Disentanglement of Social Attributes: Demonstrates that SAEs can successfully disentangle social attributes (gender, age, race) into distinct, monosemantic neurons, allowing for targeted mitigation of specific biases.

4. Experimental Results

The authors evaluated DEBIASLENS on CLIP (ViT-B/16, ViT-L/14) and InternVL2 / LLaVA-1.5.

Bias Mitigation (VLMs):
- Achieved a 9–16% reduction in Max Skew for CLIP image retrieval across various prompts (adjectives, occupations, activities).
- Outperformed or matched state-of-the-art methods (e.g., SANER, Prompt, Projection) while offering interpretability.
Bias Mitigation (LVLMs):
- Reduced gender disproportion rates in VQA tasks by 40–50% on the InternVL2 model.
- Improved the model's ability to answer "unsure" or "cannot be determined" for ambiguous questions, rather than making biased definitive guesses.
General Performance:
- Maintained high scores on general benchmarks (ImageNette, MME, MMMU, Seed-Bench).
- Achieved the best trade-off score compared to pruning and full fine-tuning methods.
Interpretability Validation:
- Neuron Specificity: Deactivating "gender neurons" significantly reduced gender bias but had minimal impact on age or race bias (and vice versa), confirming the disentanglement.
- Visual Evidence: Top-activating images for selected neurons clearly corresponded to specific social concepts (e.g., specific hairstyles for gender, specific age groups), validating human interpretability.
Ablation Studies:
- Found that FairFace is the optimal dataset for training SAEs to find robust social neurons.
- Identified an optimal weight proportion ( $\alpha \approx 0.6$ ) that balances bias reduction with general capability.

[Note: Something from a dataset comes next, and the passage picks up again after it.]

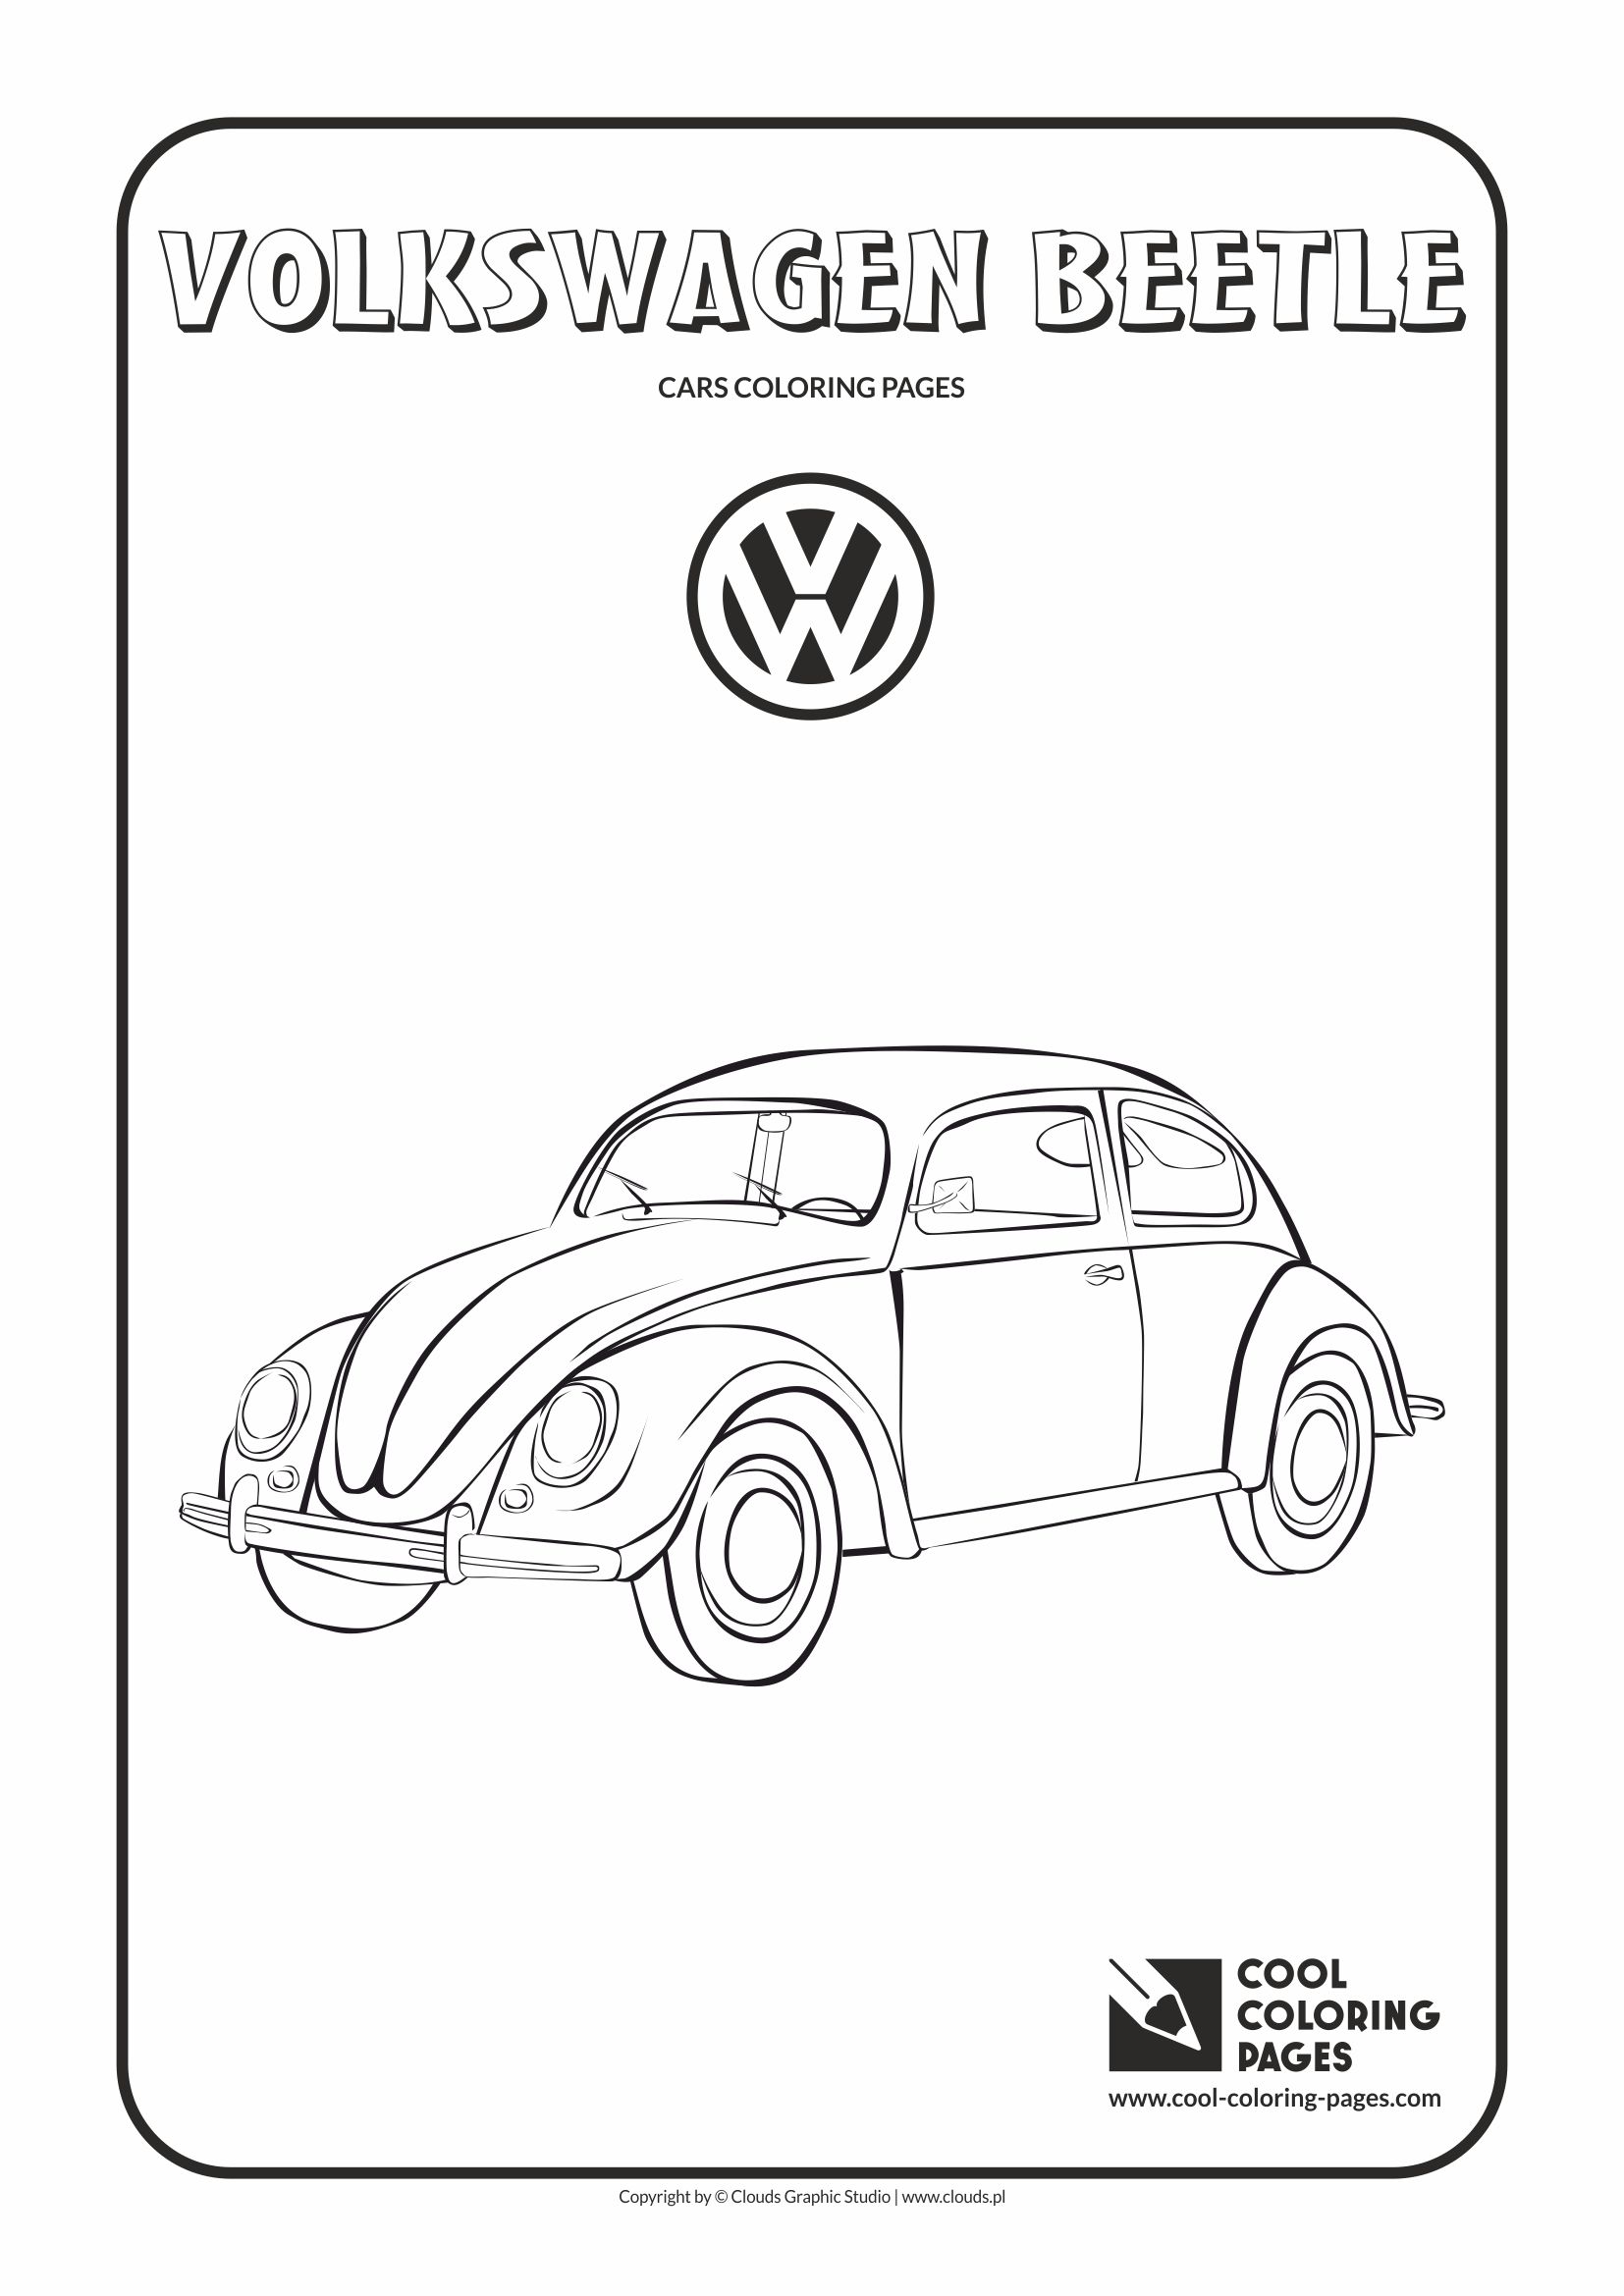 Cool Coloring Pages - Vehicles / Volkswagen Beetle / Coloring page with Volkswagen Beetle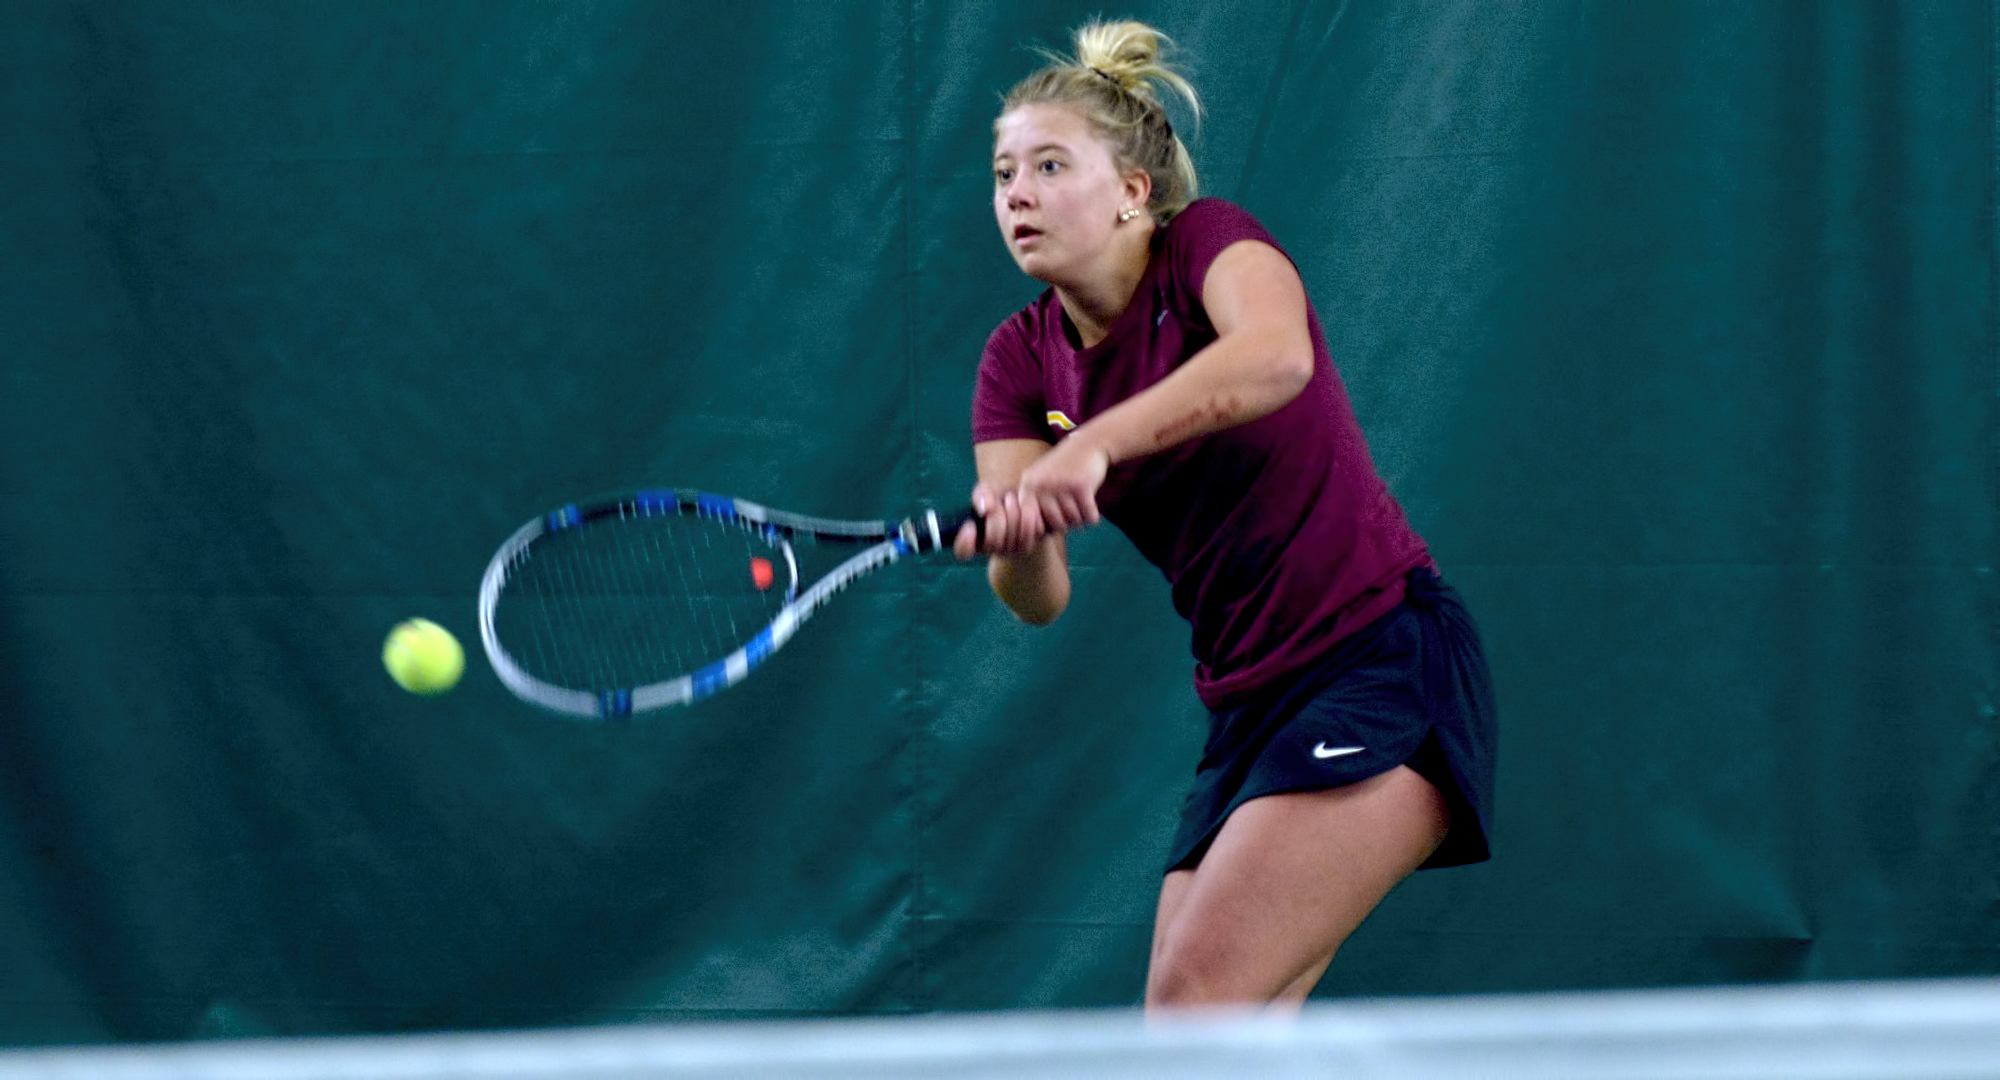 Freshman Josie Beachy hits a backhand return of serve during her match at No.5 singles during the Cobbers' match with St. Mary's.

5. Significance and Future Work

Trustworthy AI: DEBIASLENS transforms bias mitigation from a "black-box" correction into a transparent, auditable intervention. This is crucial for deploying AI in high-stakes domains like assistive technologies.
Efficiency: Unlike fine-tuning, which is computationally expensive and risks catastrophic forgetting, DEBIASLENS is a lightweight, inference-time intervention.
Limitations: The method relies on the quality of the SAE training data (currently limited to facial attributes). It assumes biases can be cleanly disentangled into single neurons, which may not hold for complex intersectional biases (e.g., race + gender + age).
Future Directions: The authors suggest expanding to more diverse, culturally specific datasets and exploring hierarchical SAEs to handle complex intersectional biases.

In summary, DEBIASLENS offers a principled, interpretable, and effective solution to social bias in Vision-Language Models by leveraging Sparse Autoencoders to isolate and neutralize specific "social neurons" without compromising the model's core intelligence.